I'm trying to find the best components I could use to build something similar to Splunk in order to aggregate logs from a big number of servers in computing grid. Also it should be distributed because I have gigs of logs everyday and no single machine will be able to store logs.
I'm particularly interested in something that will work with Ruby and will work on Windows and latest Solaris (yeah, I got a zoo).
I see architecture as:
Log crawler (Ruby script).
Distributed log storage.
Distributed search engine.
Lightweight front end.
Log crawler and distributed search engine are out of questions - logs will be parsed by Ruby script and ElasticSearch will be used to index log messages. Front end is also very easy to choose - Sinatra.
My main problem is distributed log storage. I looked at MongoDB, CouchDB, HDFS, Cassandra and HBase.
MongoDB was rejected because it doesn't work on Solaris.
CouchDB doesn't support sharding (smartproxy is required to make it work but this is something I don't want to even try).
Cassandra works great but it's just a disk space hog and it requires running autobalance everyday to spread the load between Cassandra nodes.
HDFS looked promising but FileSystem API is Java only and JRuby was a pain.
HBase looked like a best solution around but deploying it and monitoring is just a disaster - in order to start HBase I need to start HDFS first, check that it started without problems, then start HBase and check it also, and then start REST service and also check it.

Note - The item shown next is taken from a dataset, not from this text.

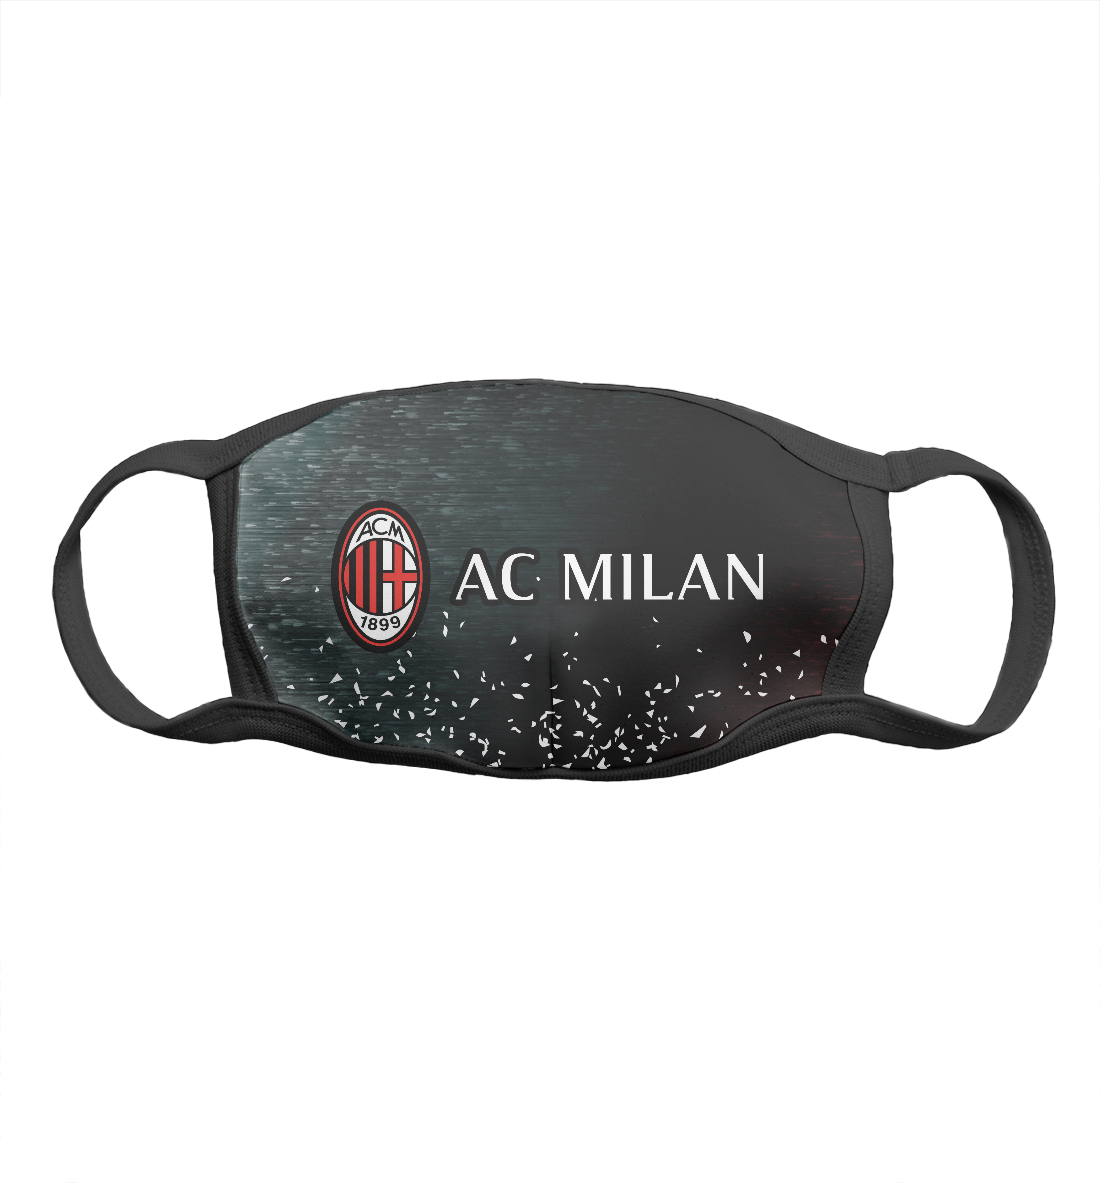 Мужская Маска AC Milan / Милан, артикул ACM-873489-msk-2mp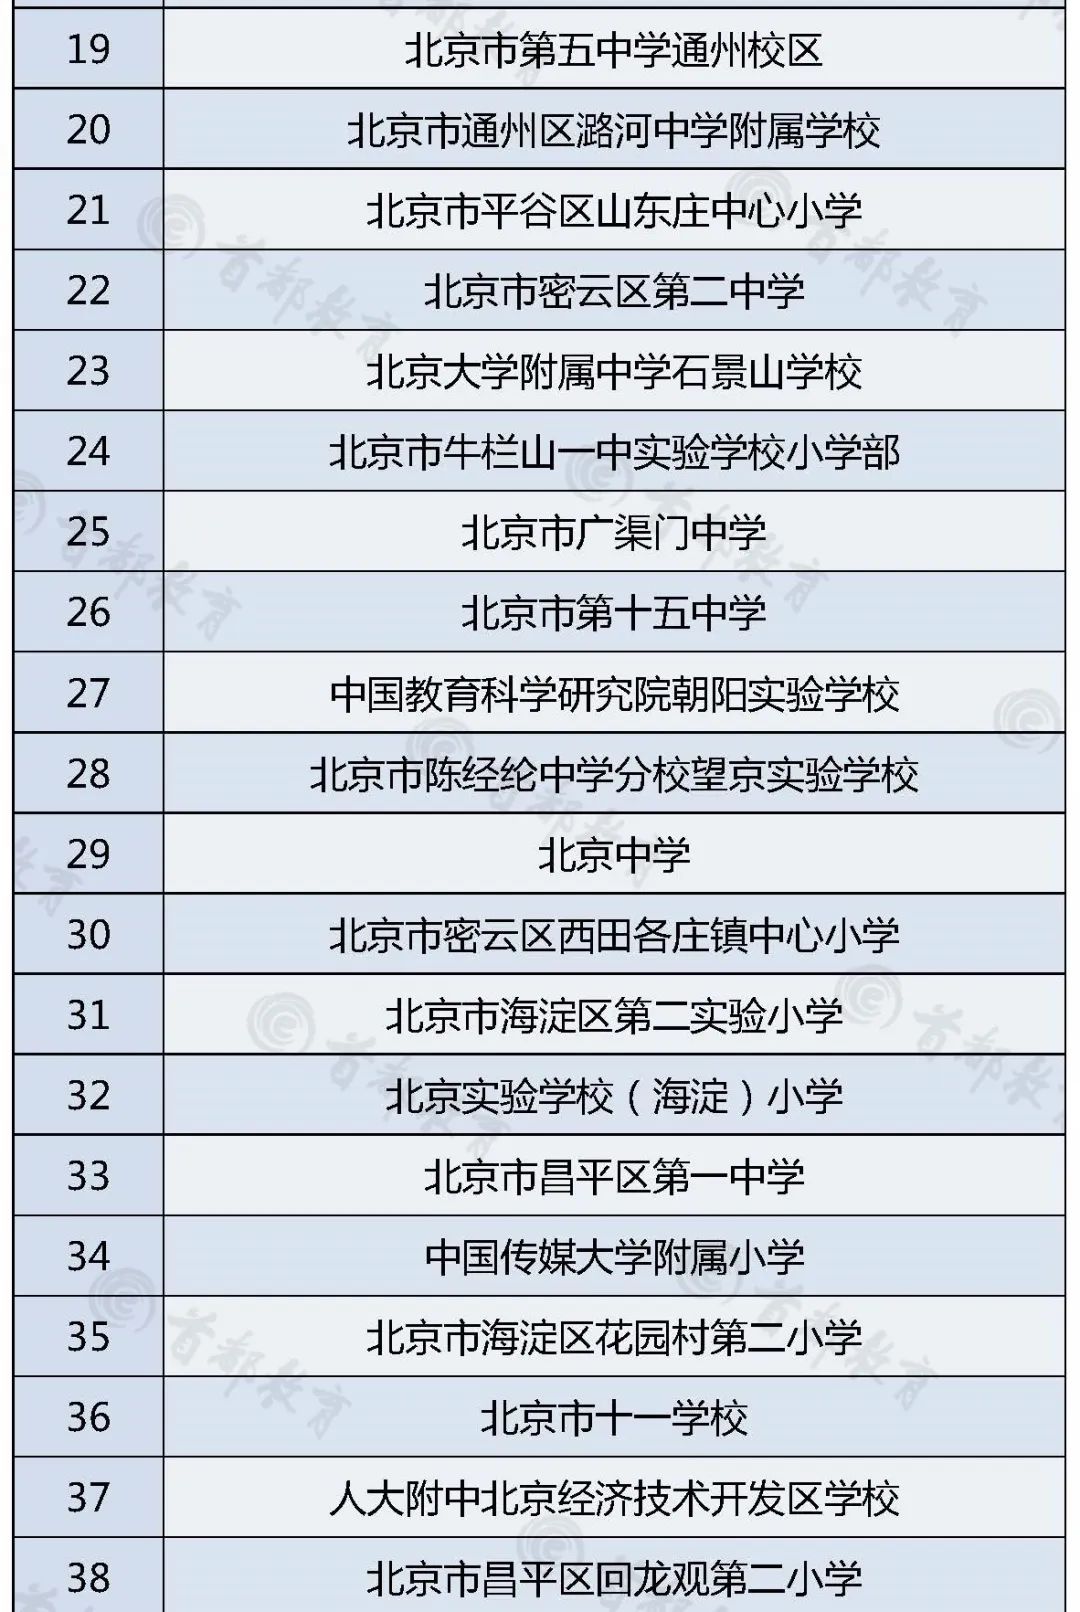 北京43所中小学校入选2020年度“全国青少年人工智能活动特色单位”

So I'm stuck. Something tells me HDFS or HBase are the best thing to use as a log storage, but HDFS only works smoothly with Java and HBase is just a deploying/monitoring nightmare.

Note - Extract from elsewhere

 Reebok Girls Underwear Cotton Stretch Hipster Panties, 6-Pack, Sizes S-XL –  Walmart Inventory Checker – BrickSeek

Can anyone share its thoughts or experience building similar systems using components I described above or with something completely different?
I'd recommend using Flume to aggregate your data into HBase. You could also use the Elastic Search Sink for Flume to keep a search index up to date in real time.
For more, see my answer to a similar question on Quora.
With regards to Java and HDFS - using a tool like BeanShell, you can interact with the HDFS store via Javascript.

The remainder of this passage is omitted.